Commentaires sur la présente proposition de loi :

Article 1er

L’article 122-5 du code pénal est complété par un alinéa qui définit les cas où une disproportion entre l’acte de défense et l’agression est excusable et donc non punissable, à savoir lorsque la victime d’une agression a surréagi à cause de l’état de panique ou de sidération provoqué par l’agression elle-même, et qui a altéré sa perception de la réalité. Cet article implique ainsi la responsabilité de l’auteur de l’agression dans la réaction de sa victime.

Article 2

L’article 122-6 alinéa 1 du code pénal est modifié de sorte que la présomption de légitime défense pour repousser l’entrée par effraction, violence ou ruse dans un lieu habité ne se limite pas aux effractions nocturnes mais soit applicable à toute heure. En effet, l’intrusion d’une ou plusieurs personnes dans un lieu habité constitue en soi une menace importante qui peut légitimer un acte de défense, que ce soit de nuit ou de jour. Selon les paroles de Me Thibault de Montbrial, avocat au barreau de Paris, « il est impossible de prédire les agissements d’un cambrioleur une fois introduit dans un domicile. S’il peut éviter la confrontation avec les habitants, il est tout autant possible qu’il l’accepte et aille jusqu’à des violences parfois extrêmes » (4).

Article 3

L’article 122-6 alinéa 2 du code pénal est modifié de sorte que la présomption de légitime défense ne se limite pas aux vols ou pillages exécutés avec violence mais inclue également les agressions physiques violentes envers des personnes, l’intégrité physique et la santé représentant en soi des biens juridiques de valeur supérieure aux biens matériels.

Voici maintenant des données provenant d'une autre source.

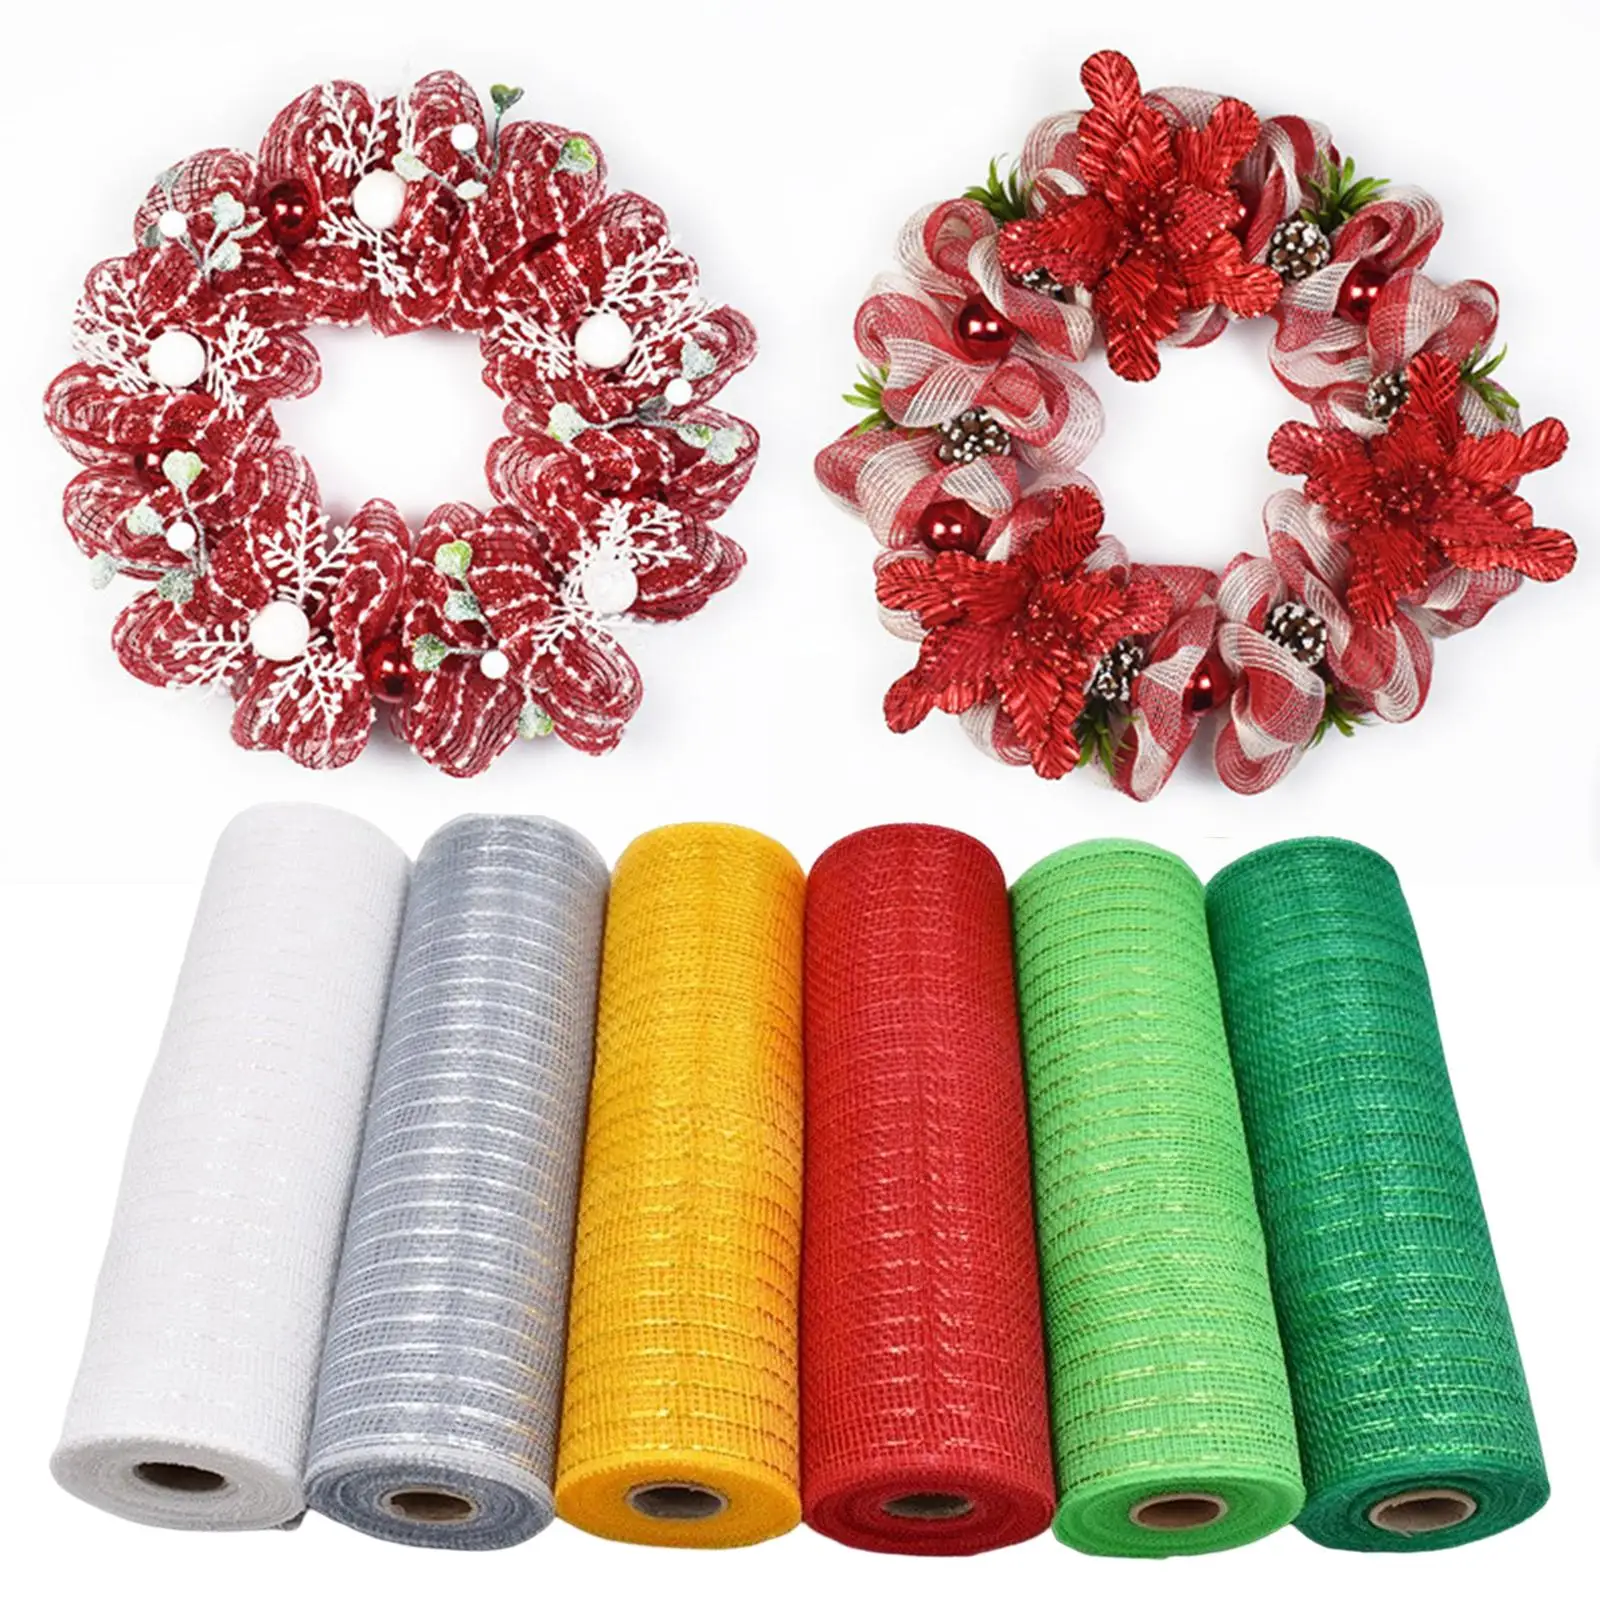 6x Mesh Ribbon Metallic Foil Rolls Durable Trimming Wrapping Ribbon for Wreath Party Decors Halloween Sewing Art Craft

Tels sont, Mesdames, Messieurs les objectifs de la présente proposition de loi.

PROPOSITION DE LOI

Article 1er

L’article 122-5 du code pénal est complété par un alinéa ainsi rédigé :

« En cas de disproportion entre l’acte de défense et l’agression elle-même, la personne qui se défend sous l’effet de panique ou de saisissement qui ont modifié sa perception de la réalité n’est pas pénalement responsable, si son état de panique ou de saisissement est directement causé par l’agression qu’elle a subie. »

Article 2

Au 1° de l’article 122-6 du code pénal, les mots : « de nuit » sont supprimés.

Article 3 

Au 2° de l’article 122-6 du code pénal, après le mot : « auteurs » sont insérés les mots : « d’agressions physiques, ».

1 () Olivier Cahn, maître de conférences en droit pénal à la faculté de Cergy Pontoise, chercheur au CESDIP-CNRS, France culture, 28.5 .2018.

2 () www.service-public.fr/particuliers/vosdroits/F1766.

3 () Didier Reins, avocat : « Le village de la justice », 28.10.2015.

4 () www.institutpourlajustice.org/nos-questions-a/me-thibault-de-montbrial.